COLORADO SPRINGS, Colo. -- As a new school year starts, Colorado is facing a critical shortage of teachers and the problem is only getting worse.
But some former soldiers are helping fill some of the shortfall.
Specialist 4 Sean Gallup is getting out of the Army to do something he's always wanted to do: Become a teacher.
"You should just constantly 100 percent be trying to teach someone something because for me the day you stop learning is the day you just become ignorant so I think teaching is one of the best professions there ever is," he said.
He's part of soldier transition classes at Fort Carson in Colorado Springs.
It's where those getting soon out soon learn about military-to-civilian career options such as Troops to Teachers by translating their military skills into the classroom.
"Sixty-three teachers last year in Colorado were placed," said Navy veteran John Scheuer, who runs Troops to Teachers for Colorado's Department of Education.
"A particular skill set that a Troops to Teachers program can bring into the classroom that an ordinary teacher coming out of a college of education might not have such as the discipline, the integrity, cultural diversity and sensitivity that they have with the kids in the classroom."
The Department of Education calls Colorado's teacher shortage a crisis.
Every year, coming up 3,500 teachers short of those needed in the classroom and the number is growing.
Assistant principal Frutoso Chavez used to be Marine marksmanship instructor.
"Making that transition especially from the military world over to education it's daunting," Chavez said.
But like a true Marine, he jumped in head first.
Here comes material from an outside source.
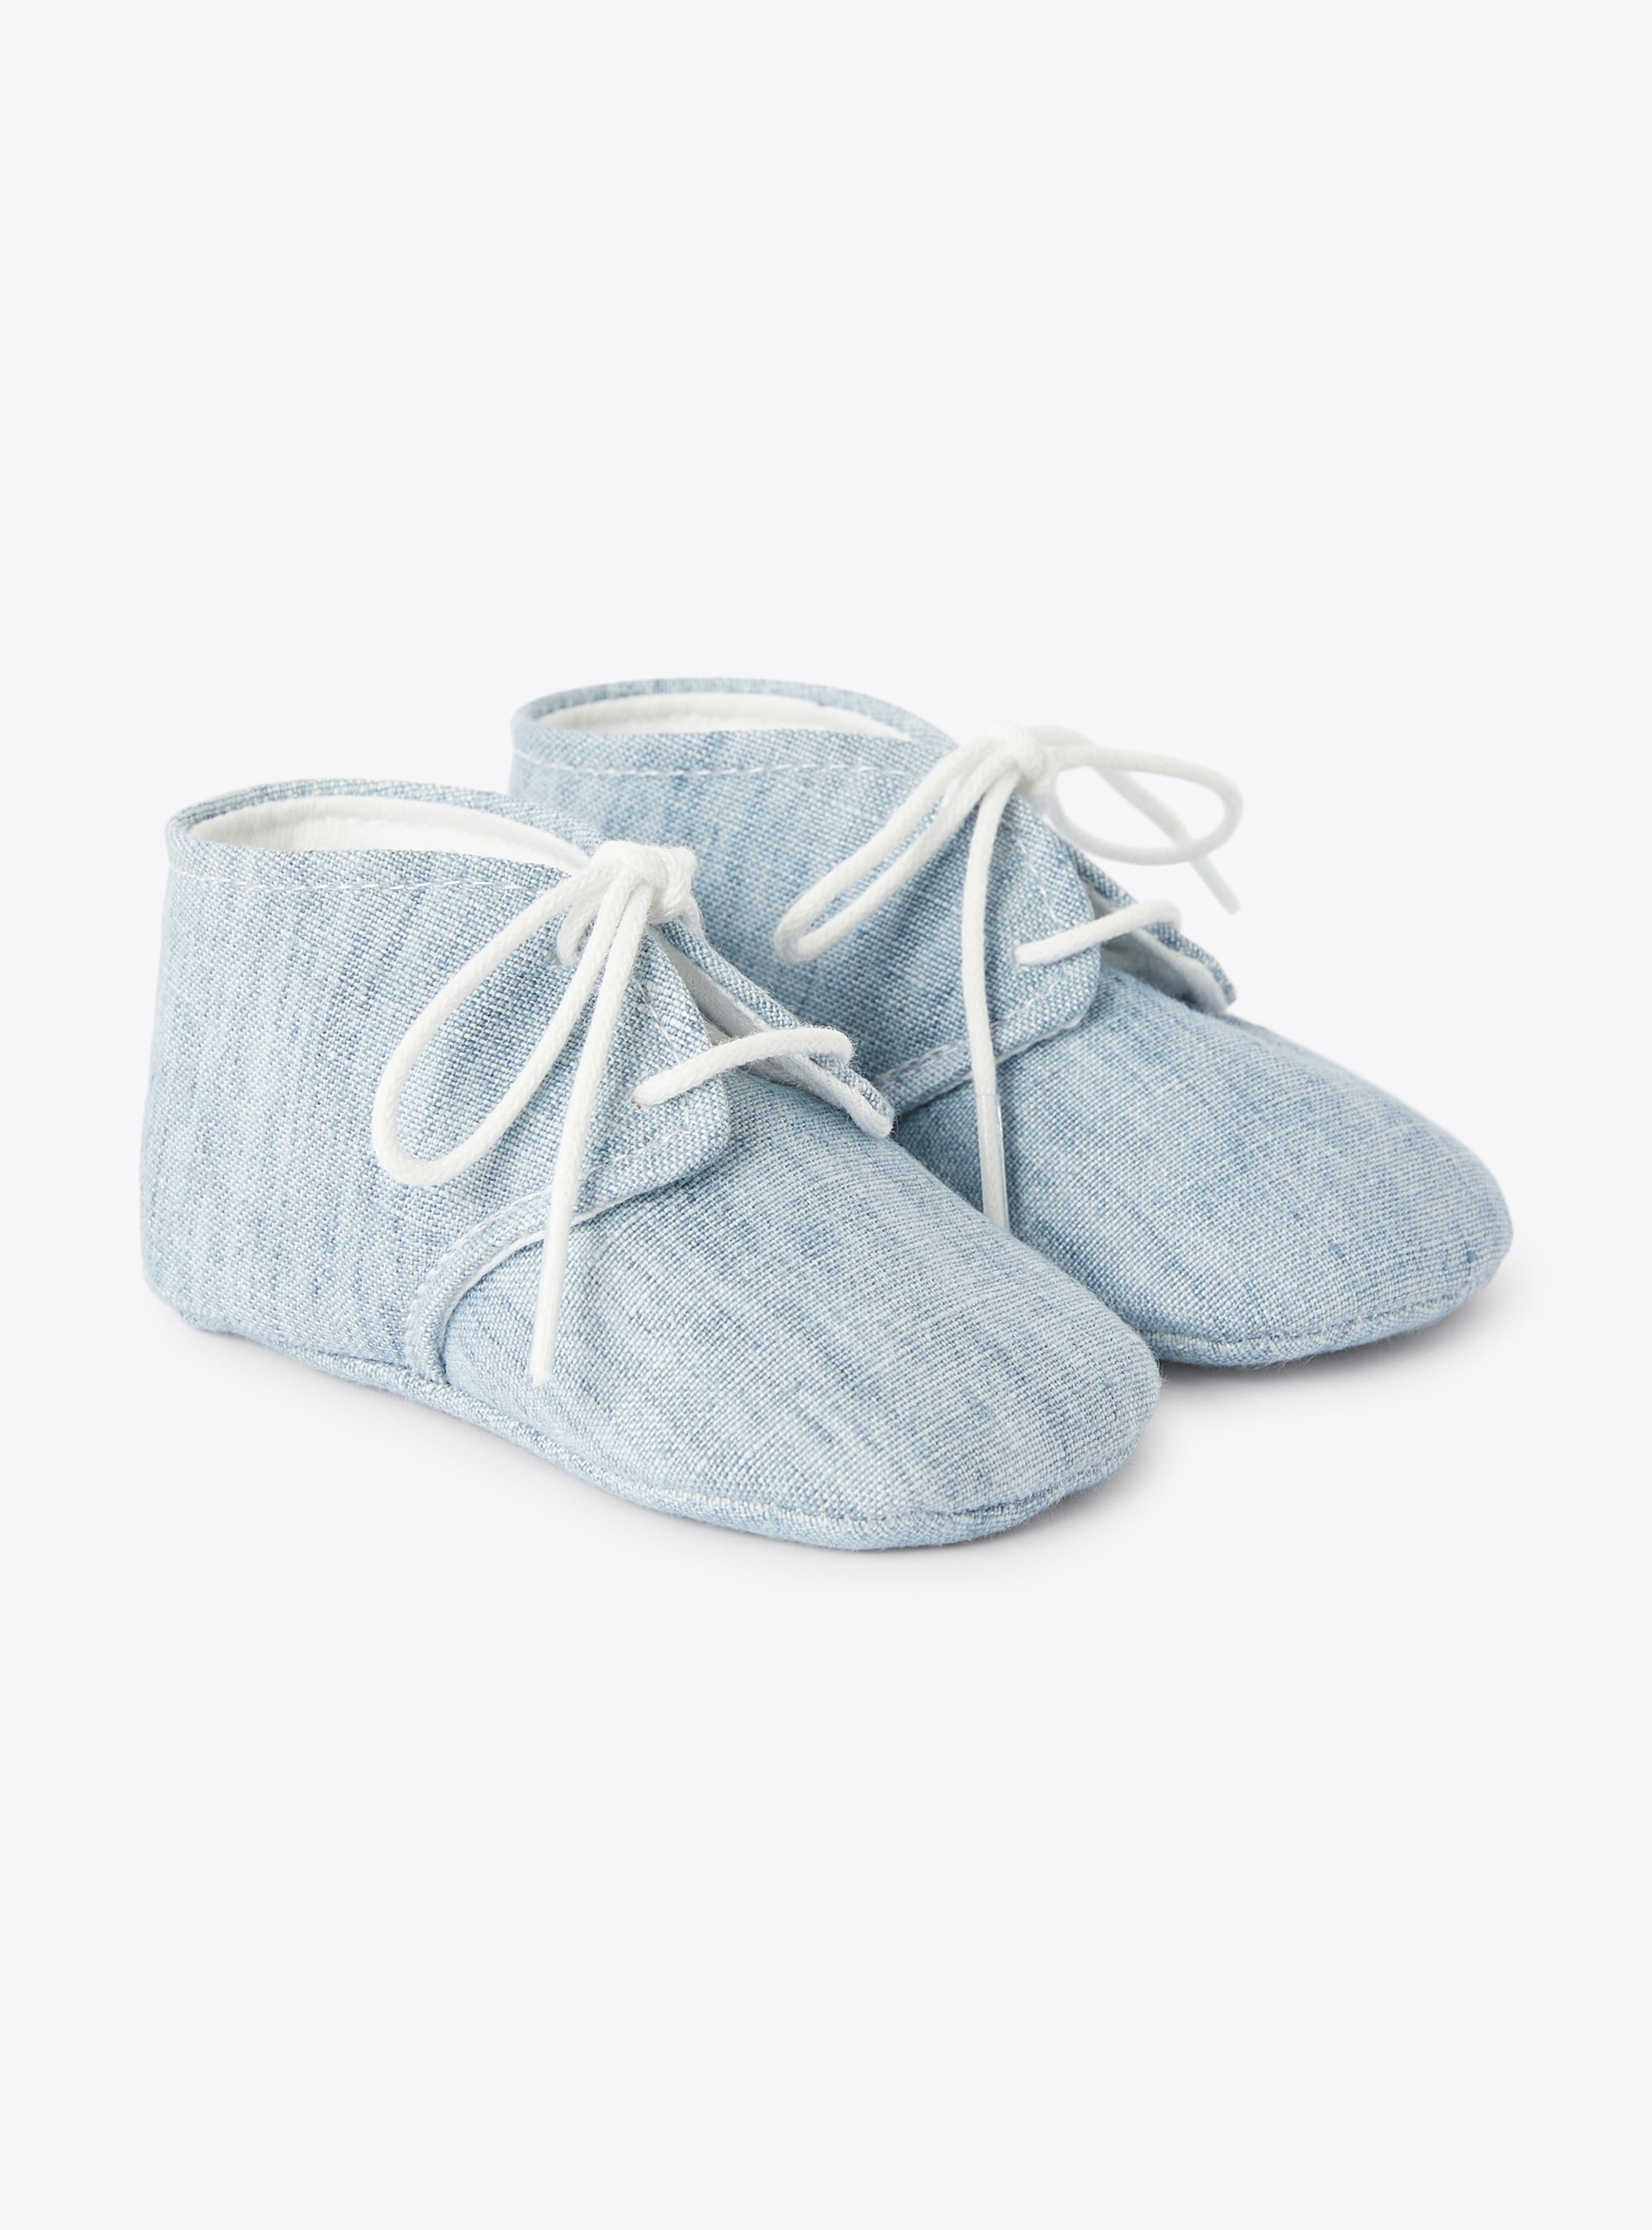 Chaussures pour bébé garçon en lin bleu ciel - Bleu clair | Il Gufo

He became a special education teacher in lower-income schools and winning Troops for Teachers Best Teacher of the Year Award.
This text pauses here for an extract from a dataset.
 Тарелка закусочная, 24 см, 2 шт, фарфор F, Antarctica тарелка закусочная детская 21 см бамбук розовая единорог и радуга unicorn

And now he's the assistant principal at mostly minority East Middle School in Aurora.
"If you have that in your heart, if you're that kind of person and you want to serve your community want to serve the people you care about, it's a great calling it's a great transition from the military," Chavez said.
For some veterans, it's bringing what they taught in the military to continue serving in the classroom.
"Watching them like go from nothing to being extraordinary at the job like that makes me feel good," future teacher Gallup said.